The job is draining. In “The Language Game”, Ewandro Magalhães, a Brazilian interpreter, described how, at the Nuremberg trials, small booths hooked up with telephone wires were first used for interpretation into several languages. Staff got one day off in three, and shifts were capped at 45 minutes. Even so, an interpreter said, four months in Nuremberg made her feel ten years older. Perhaps only the Ottomans, who made “dragoman” a powerful job—the grand dragoman was simultaneously deputy foreign minister—gave interpreters the respect they deserve.
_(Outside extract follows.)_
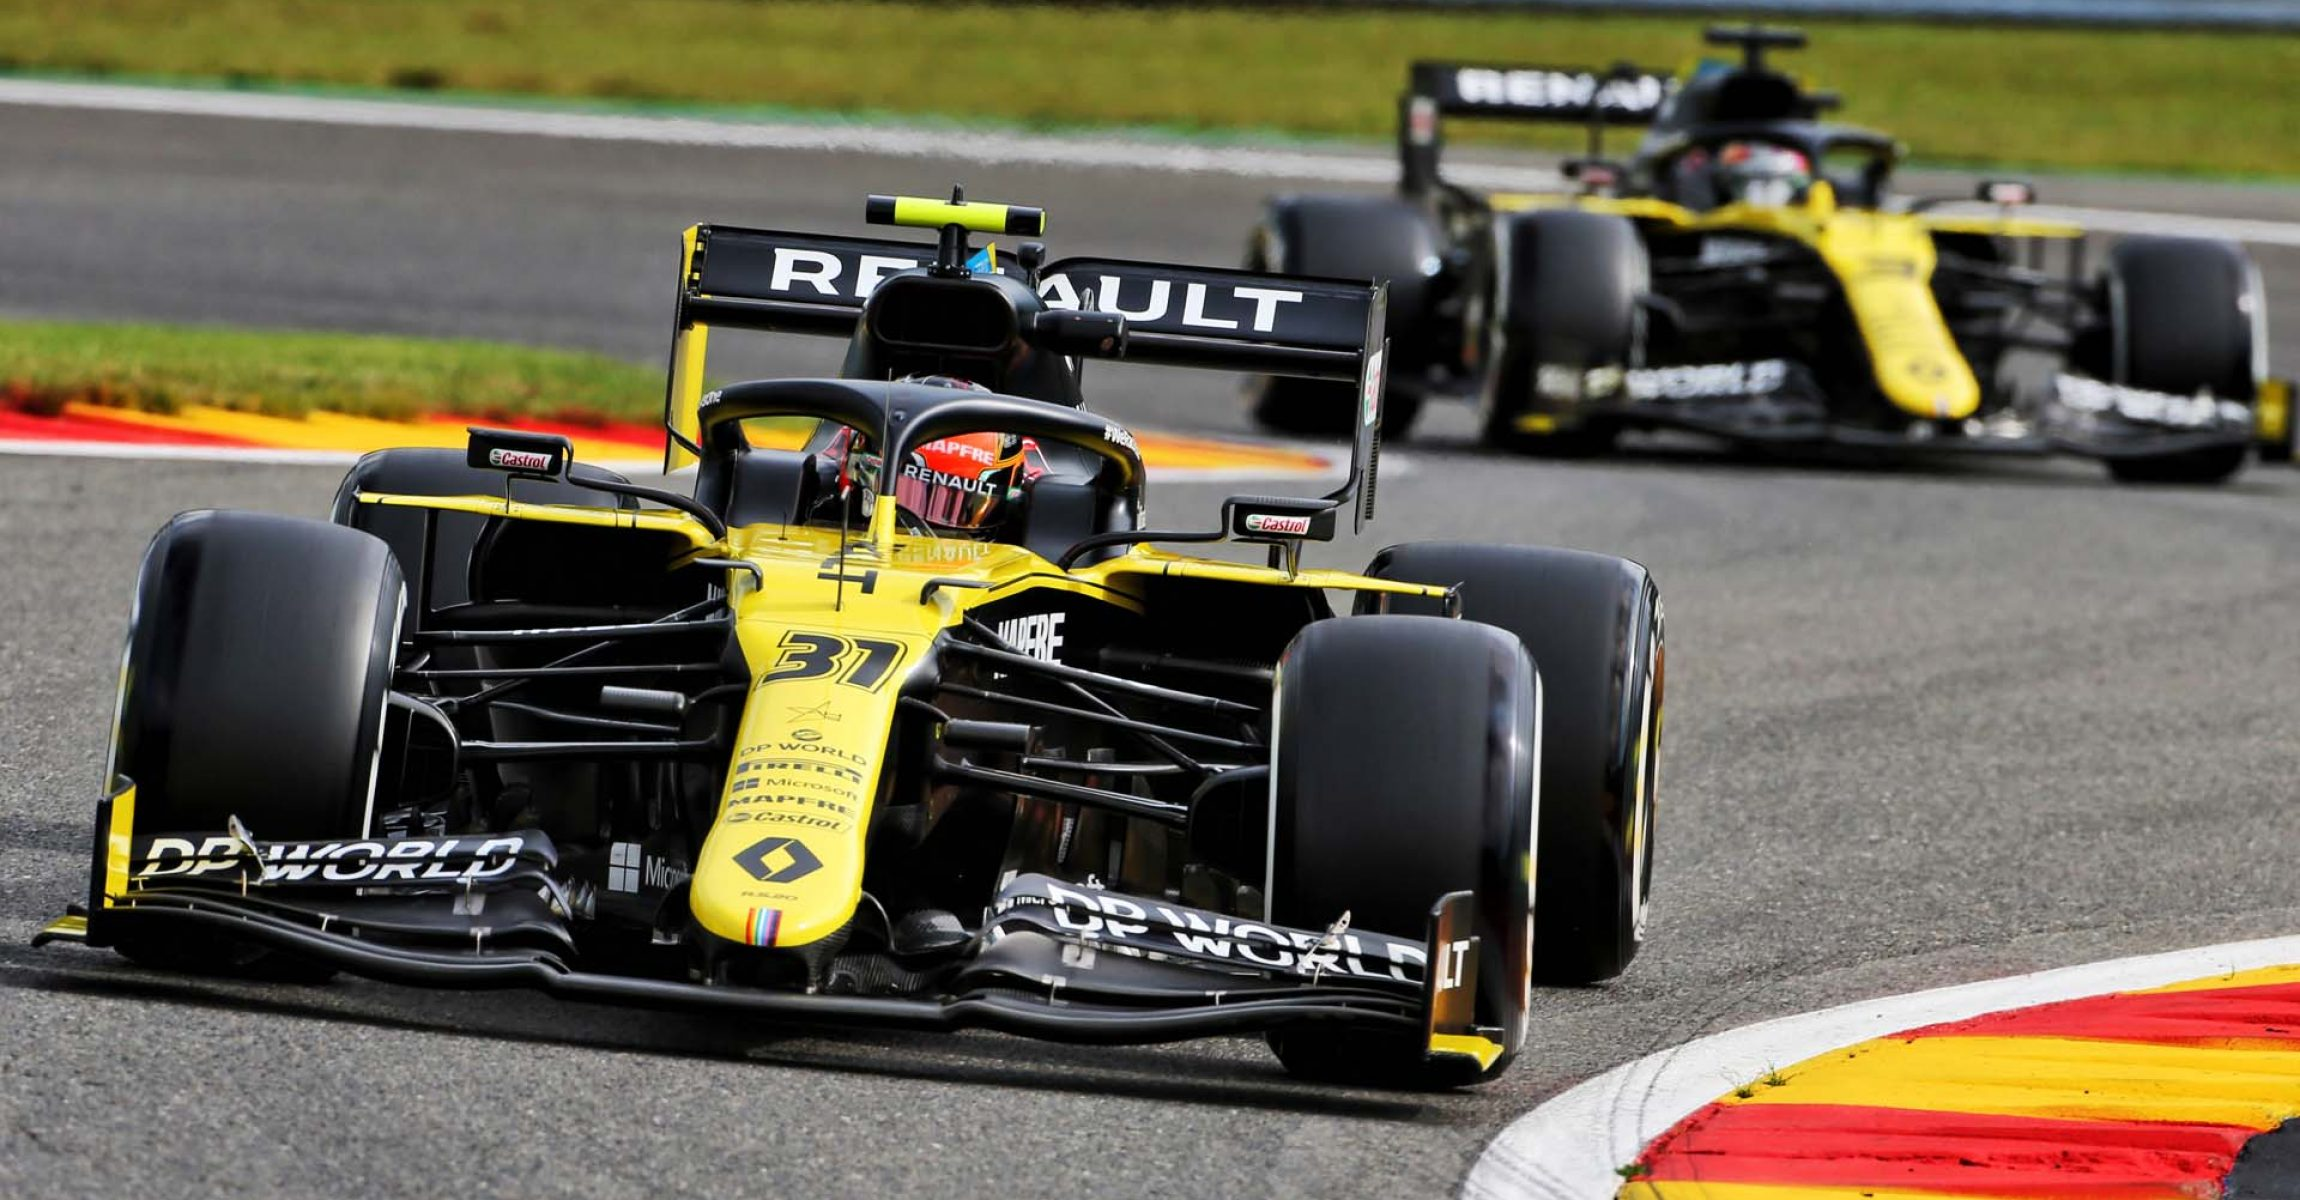 Esteban Ocon (FRA) Renault F1 Team RS20 leads team mate Daniel Ricciardo (AUS) Renault F1 Team RS20. Belgian Grand Prix, Friday 28th August 2020. Spa-Francorchamps, Belgium.

Translation is different: usually solitary, seemingly more leisurely, but now under tremendous economic pressure. In the digital era, everyone competes with everyone and buyers often simply take the lowest bid (or Google Translate). The literary work that cannot be done by a faceless contractor or a machine may not always pay the bills, but it at least provides stimulation. Ms Aslanyan recalls trying to transpose a Russian spoken in rural Ukraine into an English that carried the same tones; after she and a collaborator considered and rejected a Scottish inflection, they went with snatches of West Country English. Since 2016 the overseers of the International Booker Prize for fiction have split the prize-money equally between authors and their translators.
Ms Aslanyan says a mistranslation also played a role in America’s atomic bombing of Japan in 1945. An official statement said that the Japanese would “mokusatsu” the Potsdam Declaration that called on Japan to surrender. The verb can mean things including “to offer no comment on” and “to kill with silence”, but also “to treat with silent contempt”. The Americans leaned towards the latter interpretation—a defiant insult—helping seal Hiroshima’s fate.
Devotees of Esperanto, an artificial language, have long hoped that understanding would promote peace between peoples. Douglas Adams, author of “The Hitchhiker’s Guide to the Galaxy”, satirically took the opposite stance. In his fantasy, the Babel Fish—which, once stuck in your ear, instantly provides perfect translation of all languages—is responsible for more wars than anything else in history.
But the most eloquent comment on translation may come from José Ortega y Gasset, a Spanish philosopher whom Ms Aslanyan cites. Two words in two languages are never exact translations of each other, he said. More than that, though, no two people mean the same thing by the same word (with the possible exception of some scientific terms). Translation, therefore, is a “utopian” endeavour, an impossible act of perfect mind-reading. That does not mean it should not be attempted—but those who try should be “good utopians” who know they can never succeed.